Mit diesem Posting beginne ich eine Reihe von Artikeln über Taiwan. Die auf der Insel Formosa herrschende Nationalchinesische Regierung, auch unter  „Republik China“ firmierend, ist eines meiner Beschäftigungsfelder seit vielen Jahren. Die chinesische Demokratie hat es mir angetan, ich fürchte jedoch ihr baldiges Ende kommen.

Historischer Hintergrund
Formosa, so der alte Name für Taiwan, war 1895 nach dem Vertrag von Shimonoseki an Japan gefallen. Es blieb bis 1945 in japanischen Besitz, wonach es Nationalchina, die Republik China unter Chiang Kai-Shek, übergeben wurde.
Als der Chinesische Bürgerkrieg bald nach dem Ende des Zweiten Weltkriegs wieder aufflammte, konnten sich die Kommunisten (auch Rotchina genannt) militärisch durchsetzen. 1949 flüchtete Chiangs Armee mit über einer Million Mann auf die Insel Formosa. Da Nationalchina über die Marinestreitkräfte der chinesischen Republik verfügte, konnte sich die Regierung halten und die Insel bis heute dem rotchinesischen Einflussgebiet entziehen.
Ursprünglich mit dem Anspruch auf eine Rückeroberung des Festlandes, wurde diese Idee spätestens seit den 70er Jahren utopisch. Heute hat Taiwan, die Republik China, 2% der Bevölkerung des ehemaligen Bürgerkriegsgegners und rund 10% des Bruttoinlandsprodukts.

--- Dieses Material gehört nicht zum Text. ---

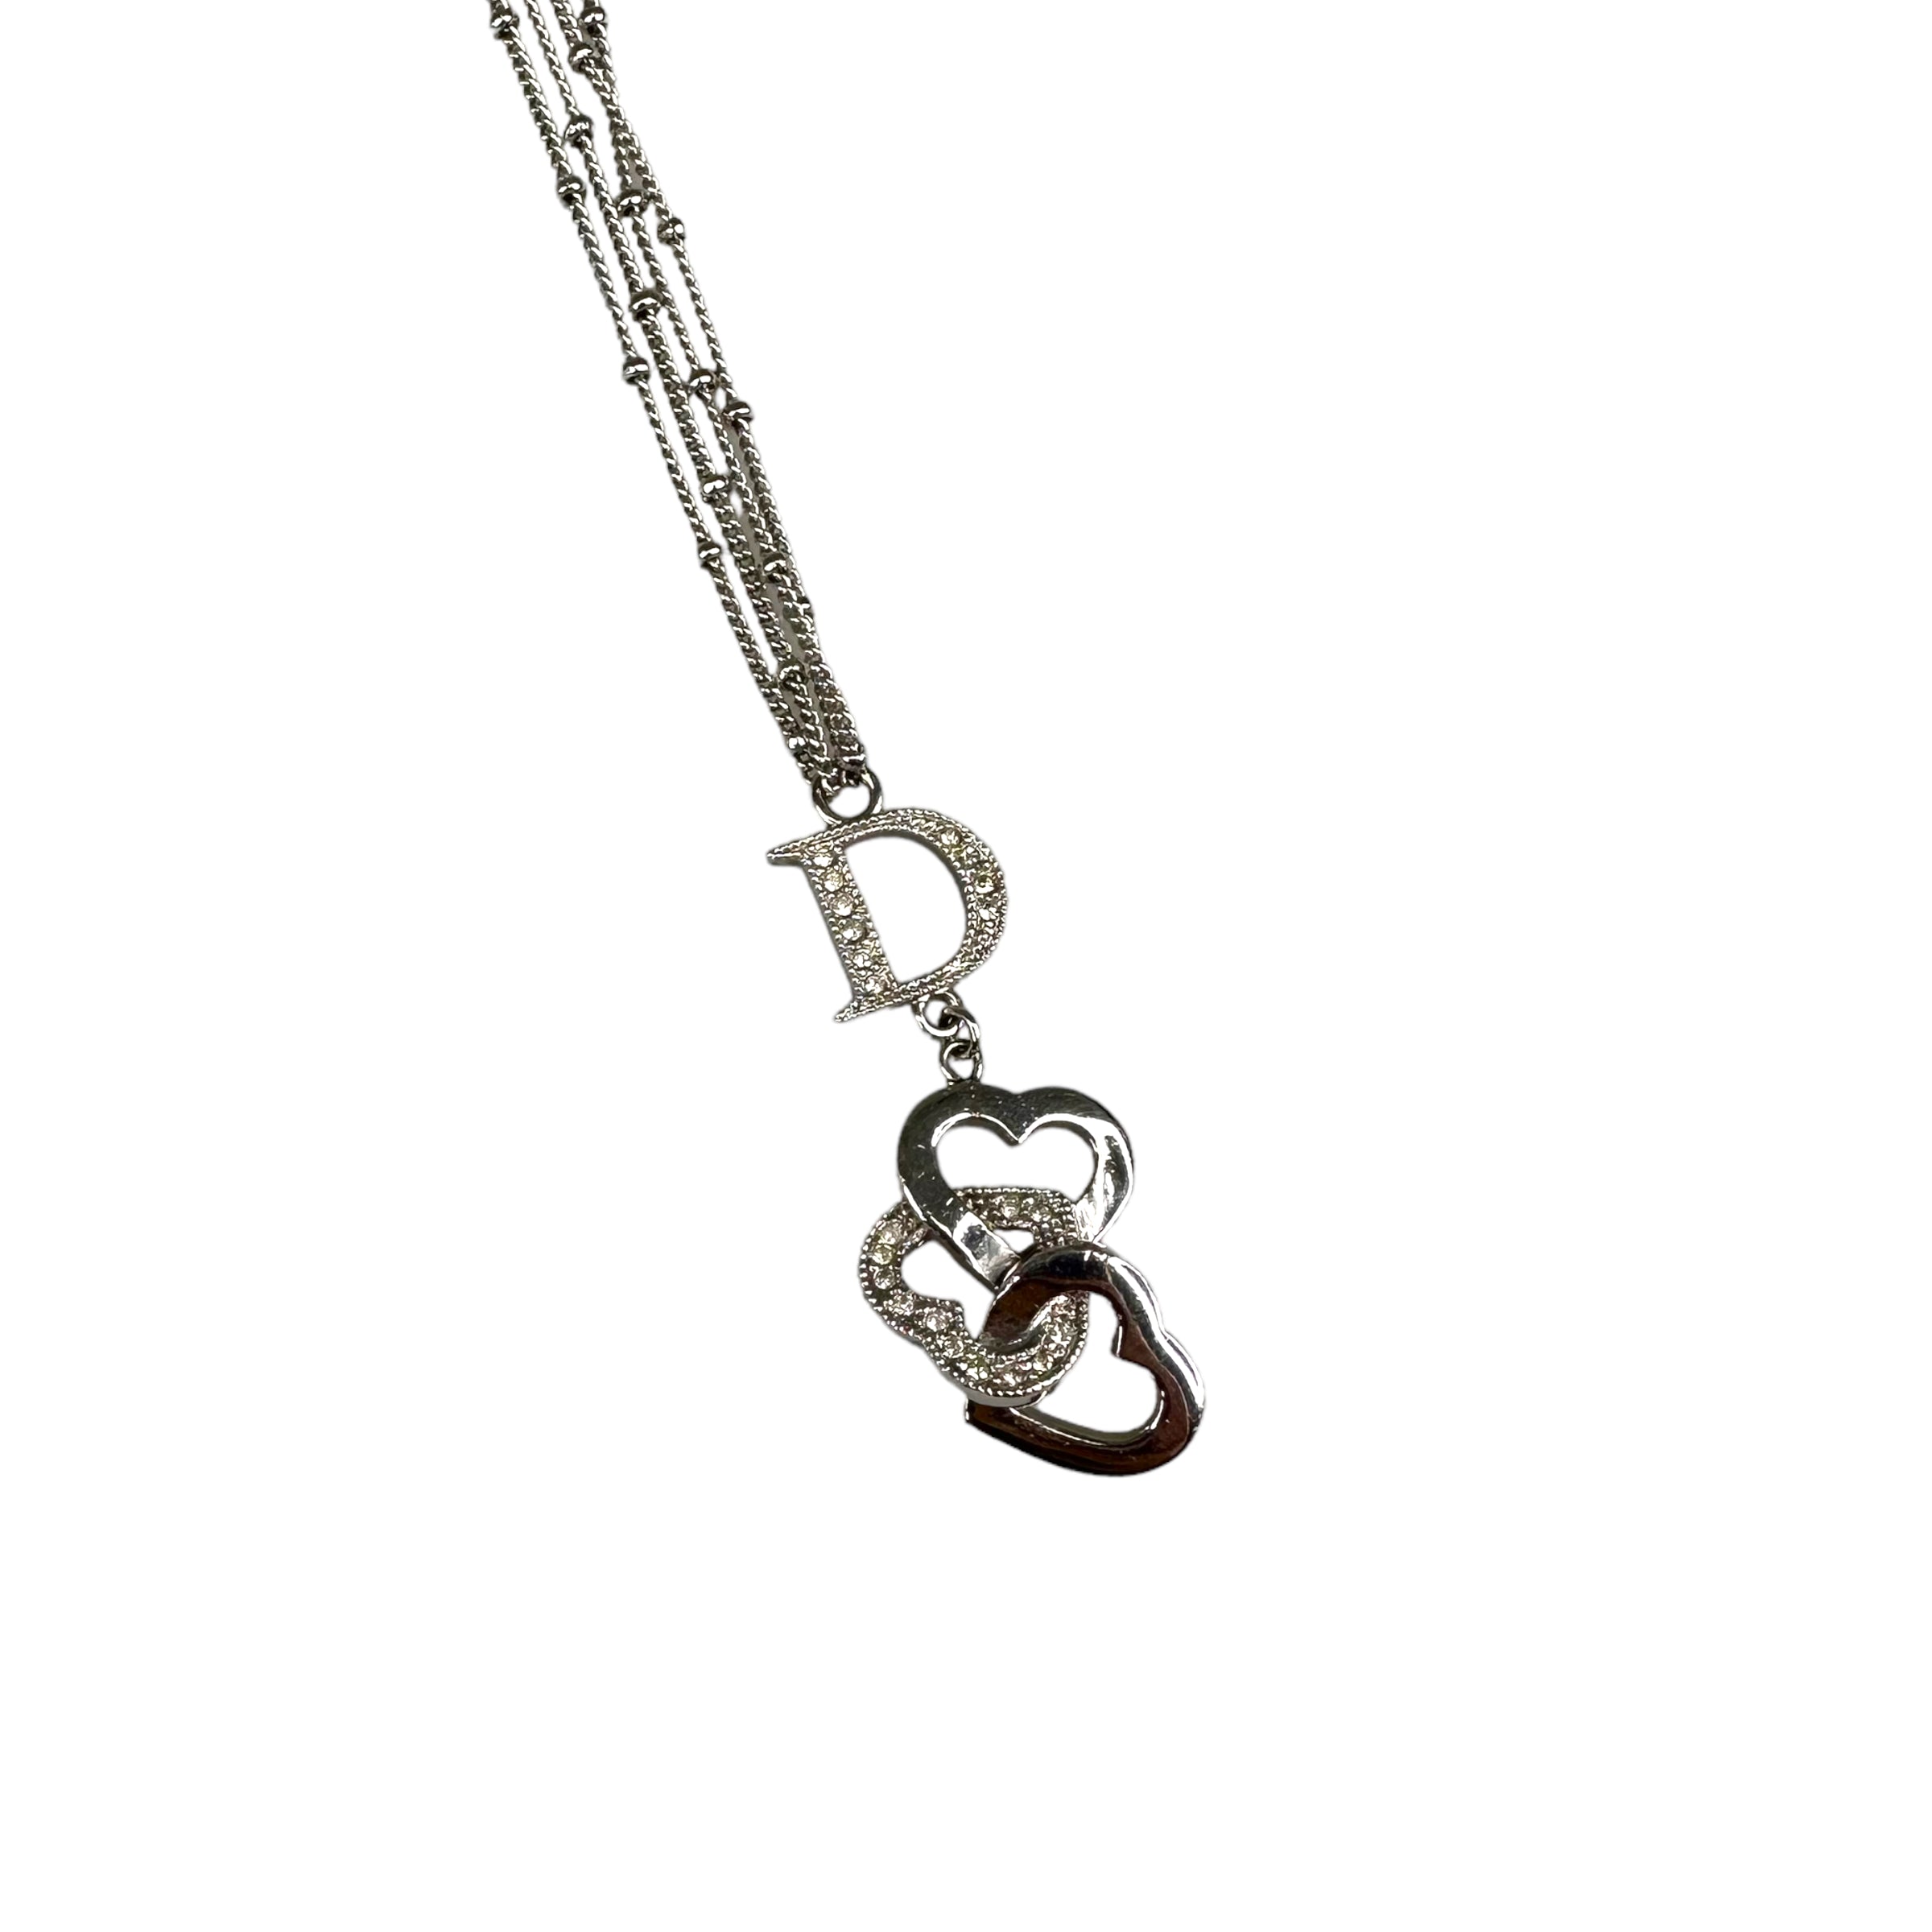 DIOR RHINESTONE "D" AND INTERLOCKED HEARTS SILVER-PLATED NECKLACE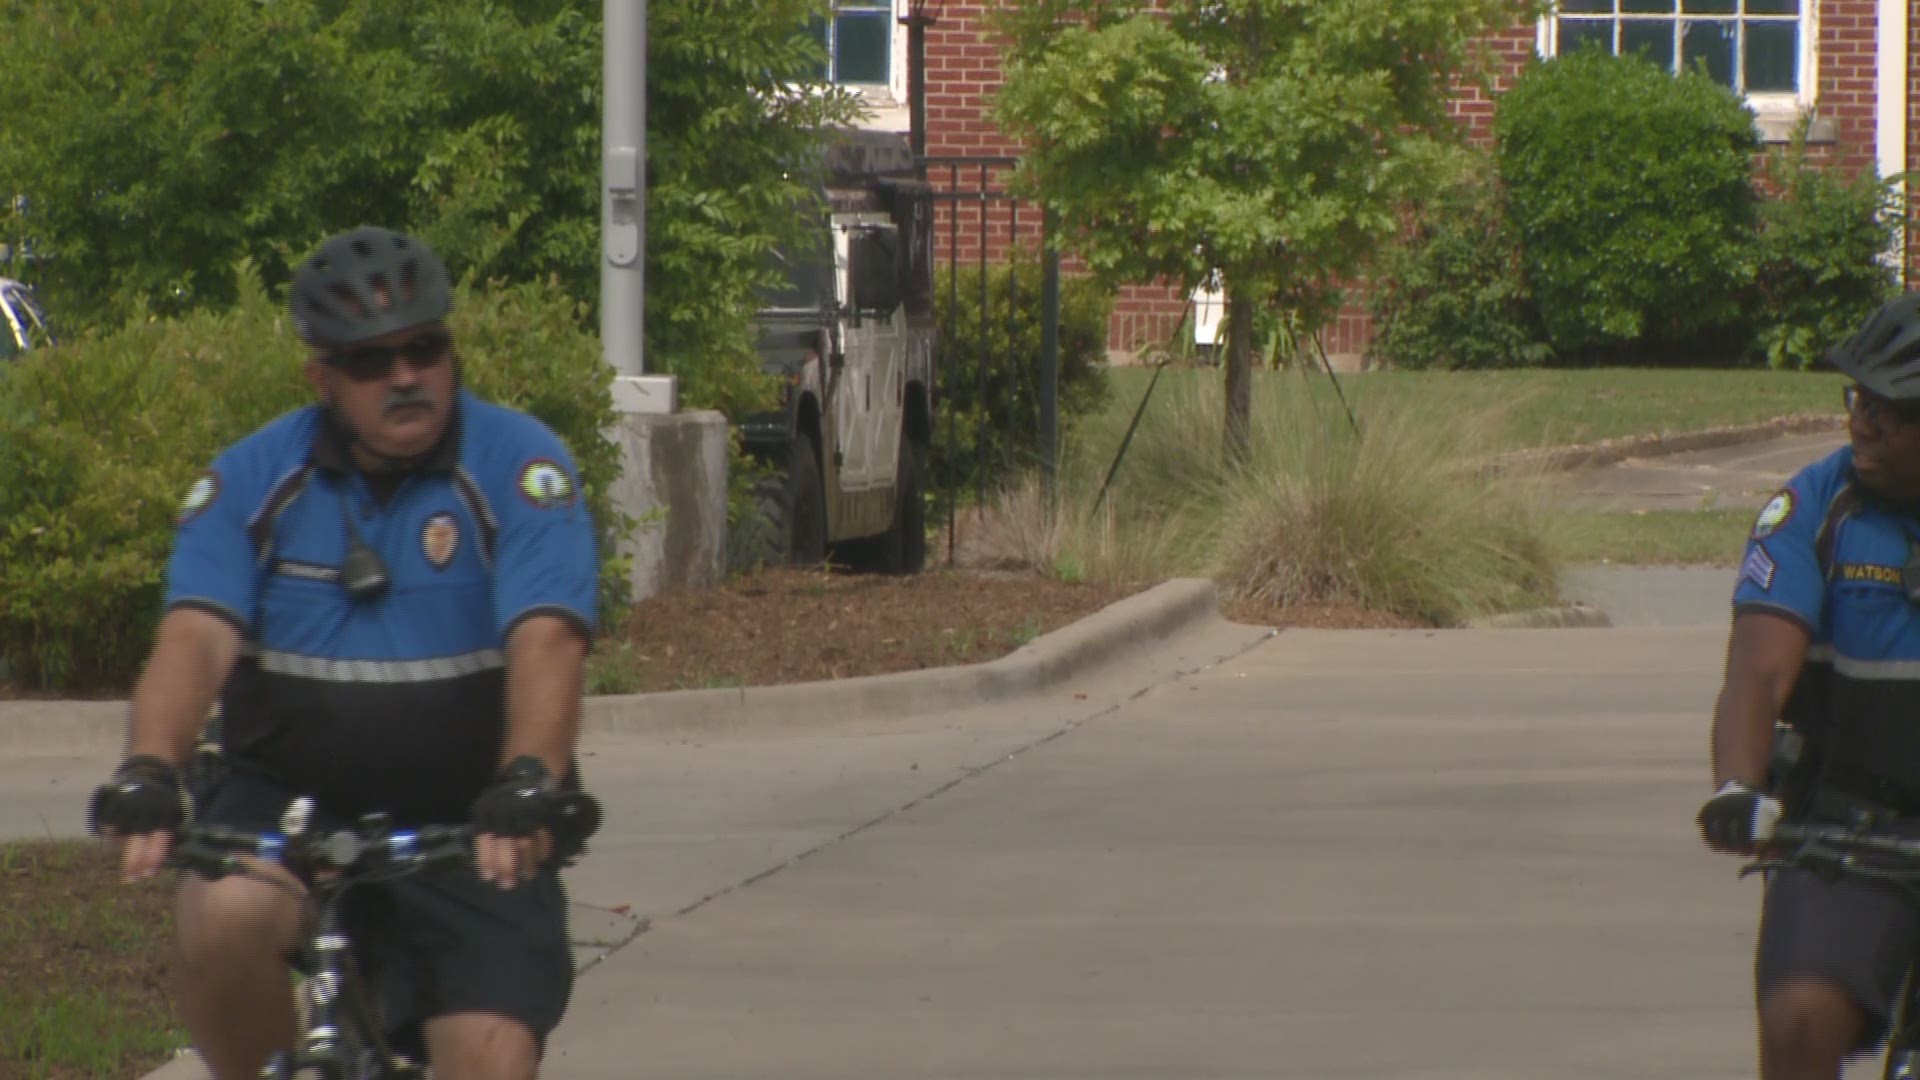 In the middle of last week, something happened to break the cycle of a rough few months for the Little Rock police. And it was broken by a man on a cycle.

Das kommende Ende der freien Chinesen
Nationalchina war 60 Jahre lang vor Rotchina sicher. Zunächst noch aus eigener Kraft, sorgten die USA seither mit Waffenlieferungen und –Verkäufen für ein Nationalchina, das sich selbst verteidigen kann. Seit Rotchina jedoch dank der wirtschaftlichen Reformen Deng Xiaopings unaufhaltsam an Stärke gewinnt, ändert sich die Kraftverteilung scheinbar unaufhaltsam. Die Waage ist bereits deutlich zur Rotchinesischen Seite hin ausgeschlagen, und schon bald wird Nationalchina hoffnungslos unterlegen sein.
In absehbarer Zeit scheint eine Situation zu drohen, die dem Melierdialog gleicht. So wie Athen Melos im Peloponnesischen Krieg das Messer auf die Brust setzte und die neutrale Stadt nur vor die Wahl zwischen Anschluss an den Attischen Seebund, oder aber die vollständige Vernichtung stellte, so wird eine Großmacht China schon in absehbarer Zeit Taiwan ins „Mutterland“ eingliedern wollen.

In den kommenden Artikeln sollen die tatsächlichen Machtverhältnisse erklärt, Handungsloptionen erörtert und potentielle Folgen eines „Melierdialogs“ zwischen National- und Rotchina erörtert werden.